Glypican-3 (GPC3) is the most well characterized and studied glypican. This is primarily due to the fact that humans that harbor mutations in the GPC3 gene on the X chromosome suffer from Simpson-Golabi-Behmel syndrome (SGBS).

SGBS is characterized as an overgrowth disorder. This syndrome is characterized by distinctive facial features that includes hypertelorism (widely spaced eyes), macrostomia (unusually large mouth), macroglossia (large tongue), abnormal palate, and a broad upturned nose. This constellation of facial features is commonly referred to as coarse facies or coarse facial features.
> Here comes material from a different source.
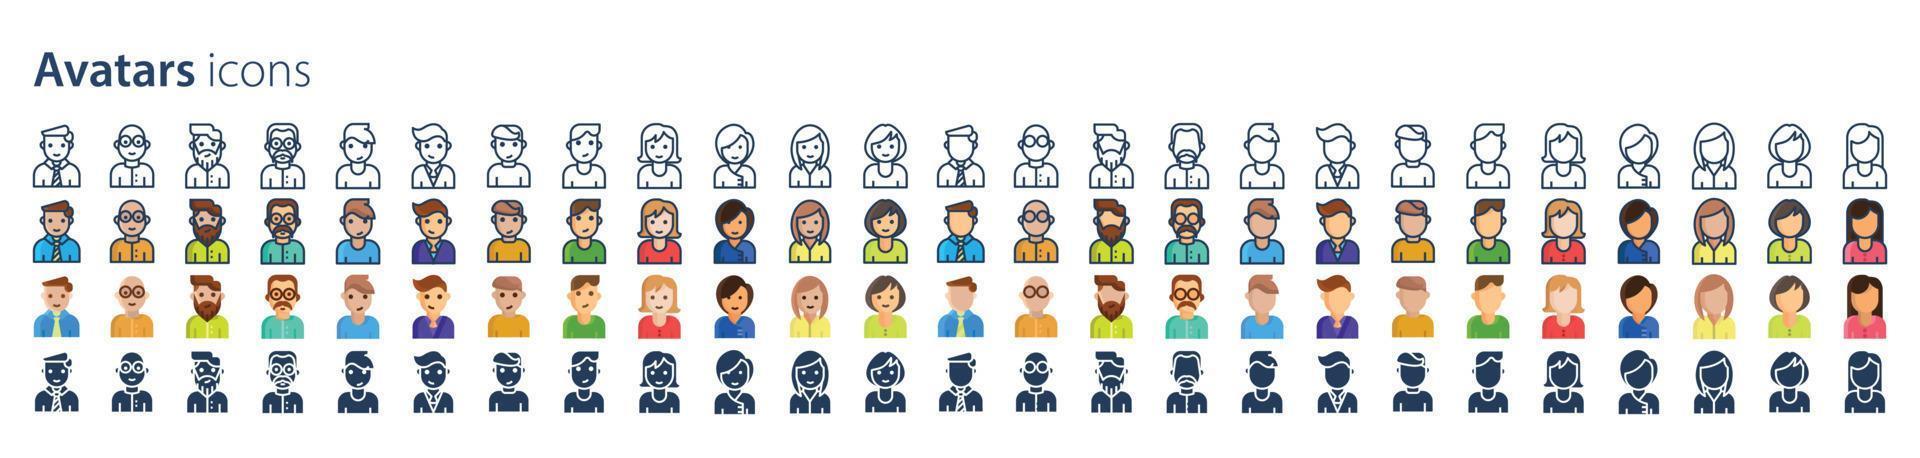 Collection of icons related to Avatar and user profile, including icons like Man, woman, girl, boy and more. vector illustrations, Pixel Perfect

For this reason it is important that the underlying cause be correctly diagnosed as many inherited disorders in metabolism result in the appearance of coarse facies. In addition to the facial abnormalities, infants with SGBS have chest and abdominal abnormalities, including one or more extra nipples, diastasis recti (abnormal opening in the abdominal muscles), umbilical herniation, or a diaphragmatic hernia (a hole in the diaphragm). Internally there are additional features of SGBS that include heart defects, malformed or abnormally large kidneys, hepatosplenomegaly, and skeletal abnormalities.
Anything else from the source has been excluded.